Ma façon de penser quant à la littérature est extrêmement simple: soit on lit de bons livres, soit on ne lit rien.
J'avais tout d'abord projeter d'aller lui acheter quelques cadeaux, des choses plus ou moins onéreuses, car je sais qu'elle ne les apprécie pas (forcément). Au moment de lui offrir, cela l'aurait mis dans un état d'embarras plus ou moins grand, et moi, évidemment, cela m'aurait amusé.
Plus tard, je passe devant un SDF, allongé à même le sol. N'importe qui passant devant lui remarque qu'il est mal en point, très mal en point, or personne ne fait mine de s'arrêter, ni même ne s'arrête pour faire semblant de vouloir l'aider.
Il porte(ce qui a été dans une vie antérieure) un jeans, recouvert presque entièrement d'une mixture faite de sang, d'urine et de vomi. Tout cela est inodore, car séché. Il arbore aux pieds des baskets blanches avec velcro, neuves. Je distingue sous sa veste en velours (totalement en lambeaux), ce qui ressemble à un t shirt à l'effigie de Che Guevara. Son visage, ses cheveux, son cou, sont pleins de sang, du sang partout, il y en a sur le mur derrière lui, et désormais, il se relève, s'assied, et il est en piteux état, plus que ce à quoi je pensais.
Il me regarde, et après 5 secondes à me fixer dans les yeux, il me raconte très rapidement qu'il s'est fait agressé la nuit dernière par 2 jeunes, sans raison aucune. Il raconte comment ils lui sont tombés dessus, puis on commencé à frapper dessus à l'aide d'un long morceau de bois, pour ensuite sortir un couteau afin de lui taillader le visage et les mains (il me les montre), et raconte comment ils n'ont pas cessés de lui shooter dedans par la suite, "10 minutes" me dit il, avant de laisser échapper une larme, puis quelques autres, qu'il a aussitôt fait d'essuyer avec le mouchoir que je lui tends. Je lui tends un billet de 10 euros, et lui donne le cutter que j'ai toujours sur moi (on ne sait jamais). 5,99 euros au Carrefour. Avant de partir, tout en regardant le cutter, je lui dis "et surtout, n'hésitez pas à vous en servir, j'aurais beaucoup de joie à les voir crever, ces 2 salopards". Il hoche la tète, méditatif, et désormais je peux m'éloigner en paix.

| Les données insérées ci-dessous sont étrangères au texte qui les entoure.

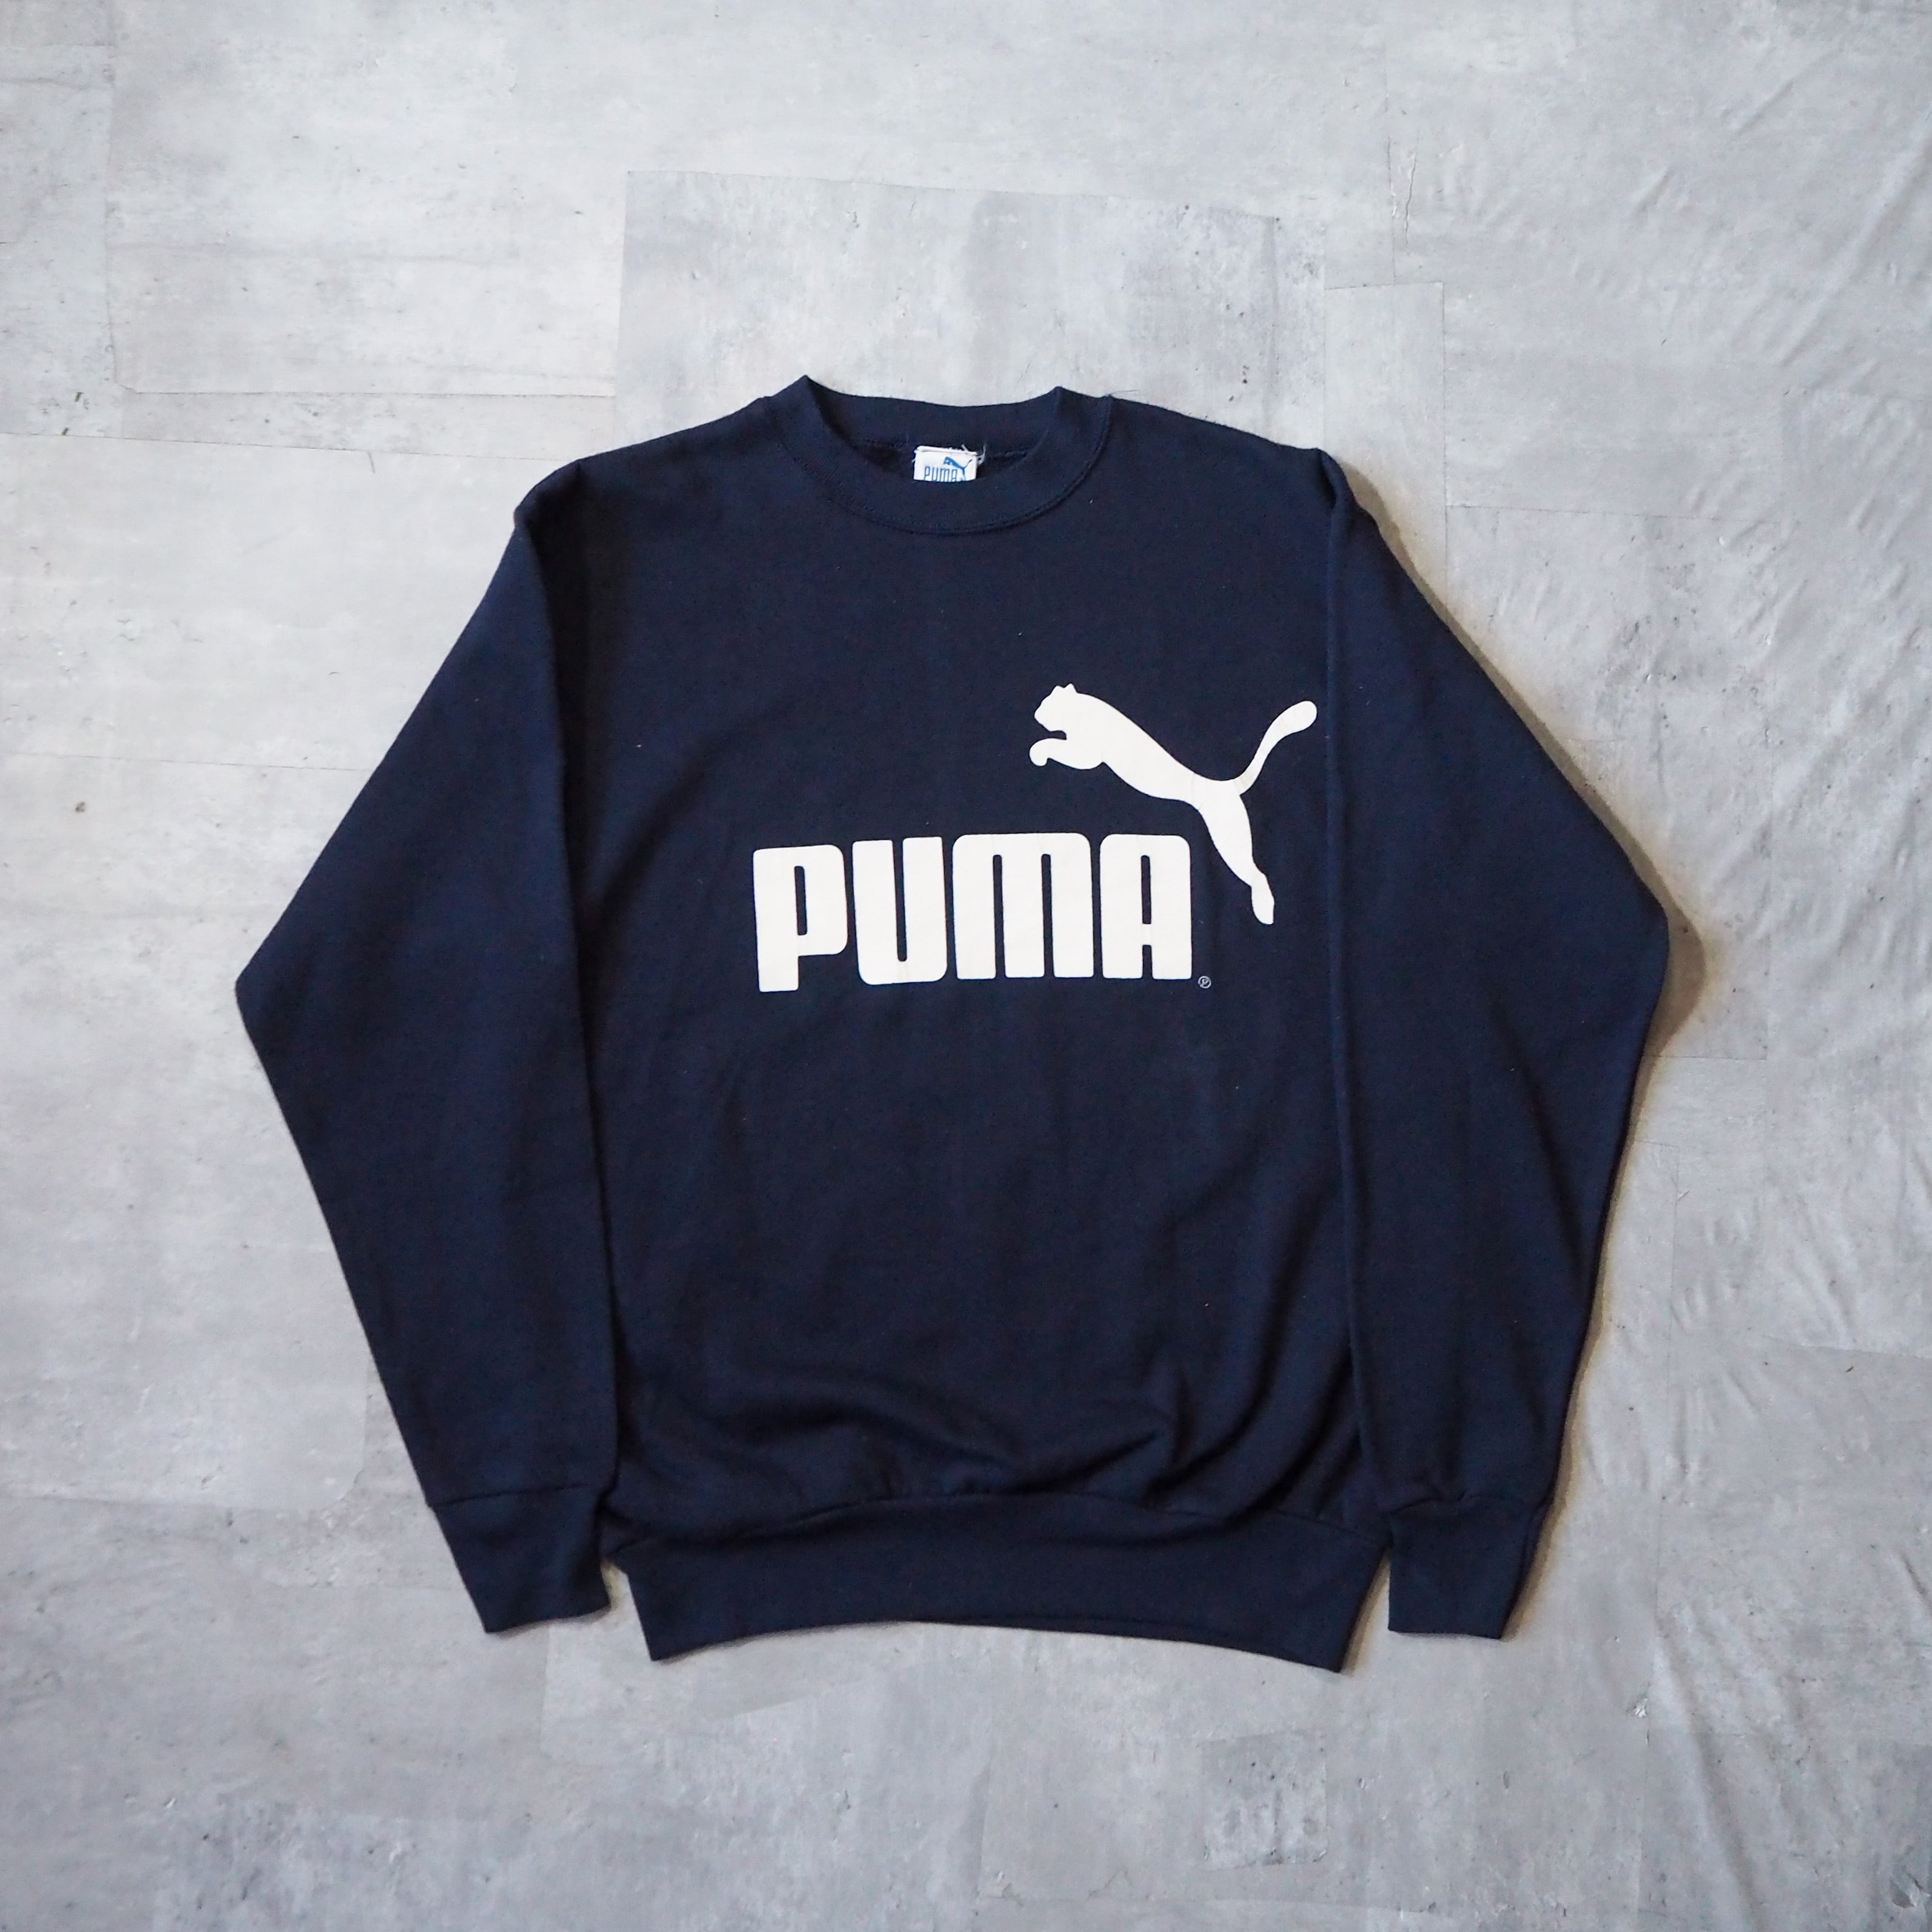 80s-90s “PUMA” logo dark navy sweat shirt made in USA 80年代 90年代 プーマ ロゴ  スウェット ネイビー usa製 丸胴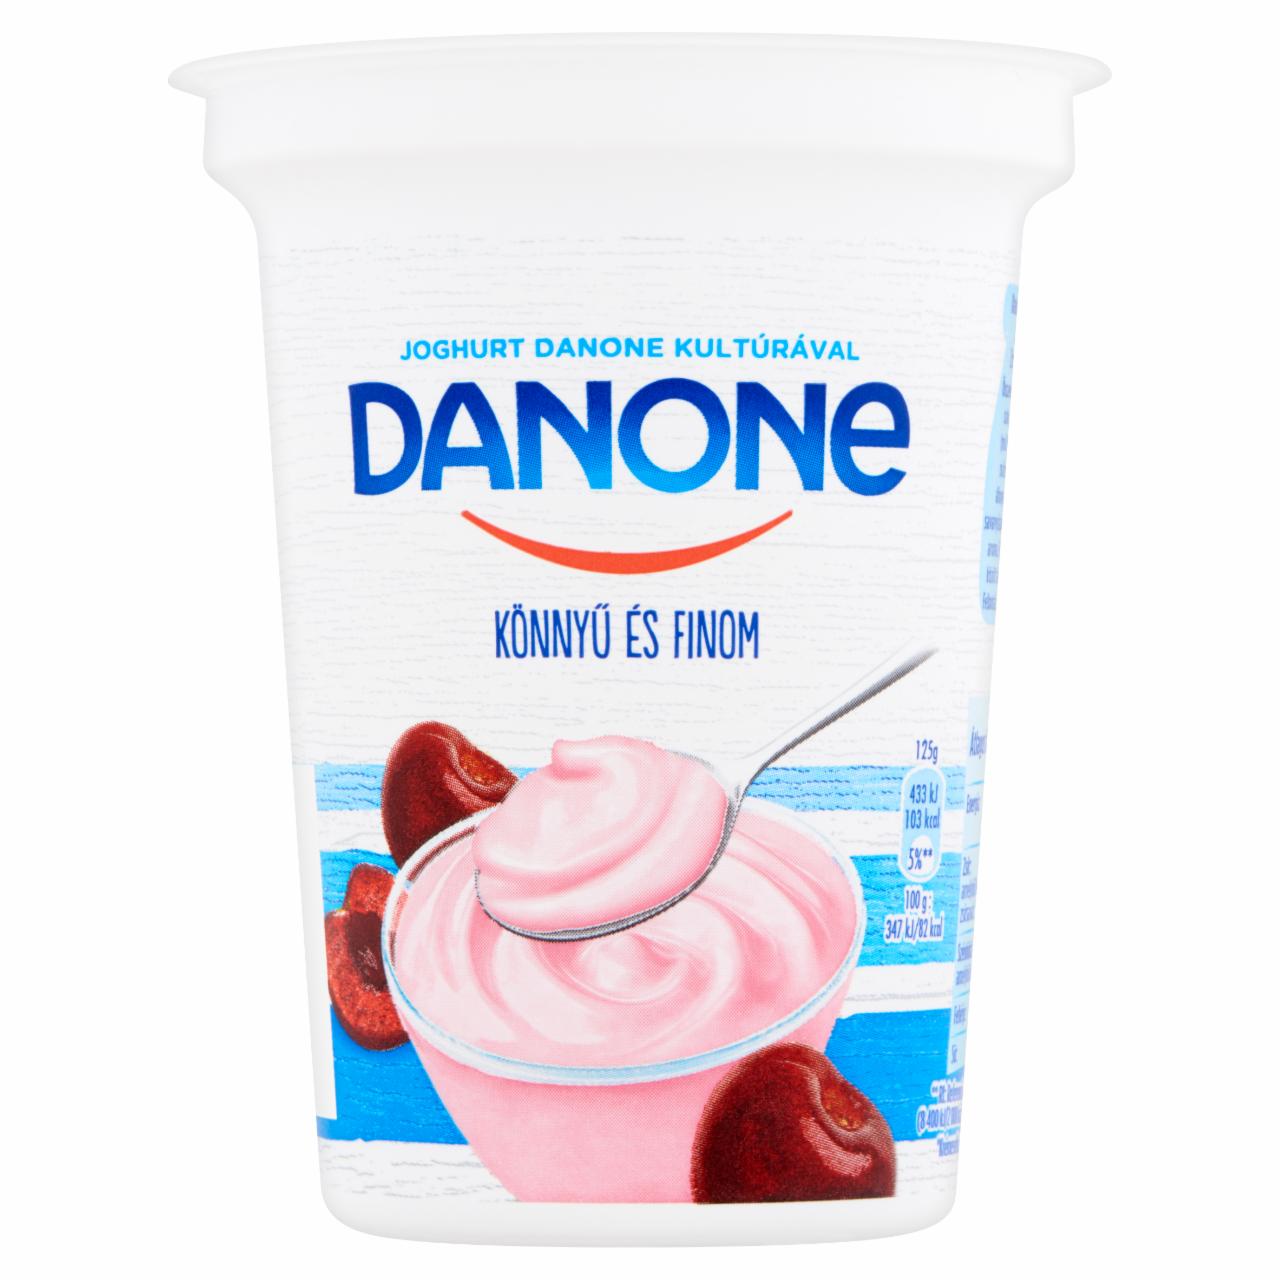 Képek - Danone meggyízű, élőflórás, zsírszegény joghurt 400 g

Plus tard. Je suis accompagné de quelques amis, il y a beaucoup de monde autour de nous, trop pour la capacité de la pièce, je le fais alors remarquer à Mélanie, mais elle me regarde comme une conne avant de me dire qu'il y a plus de 200 personnes. Désormais, l'effet de l'alcool commence à se sentir chez la plupart des personnes présentes, et c'est alors le début d'une longue litanie entre elle et moi, elle croit que m'aimer lui donne tous les droits. Je suis à deux doigts de l'envoyer chier, puis me ravise, pour finalement le faire avec extrêmement de véhémence, et alors je me sens soulagé, je suis soulagé, je suis le soulagement incarné, un soulagement aussi profond et pur qu'après un orgasme peut être, et il est vrai que la musique qui passe y contribue grandement (Mannequin de Wire). Je la regarde, elle est en larmes, je repense au SDF de toute à l'heure qui lui aussi l'était et à qui j'ai tendu un mouchoir et un cutter, et ai par la même occasion réussi à lui rendre ni plus ni moins que de la haine pour son prochain .Mais très rapidement toutes ces tribulations m'ennuient. Je les déteste désormais au plus au haut point, etc etc etc.
C'est alors qu'une charmante brune aux yeux verts s'approche de moi, souriante, elle semble décontractée, fraiche, vêtue avec beaucoup de gout.
Tout cela me change définitivement de toutes ces pouffiasses que je baises et qui croient qu'avoir de l'argent suffit.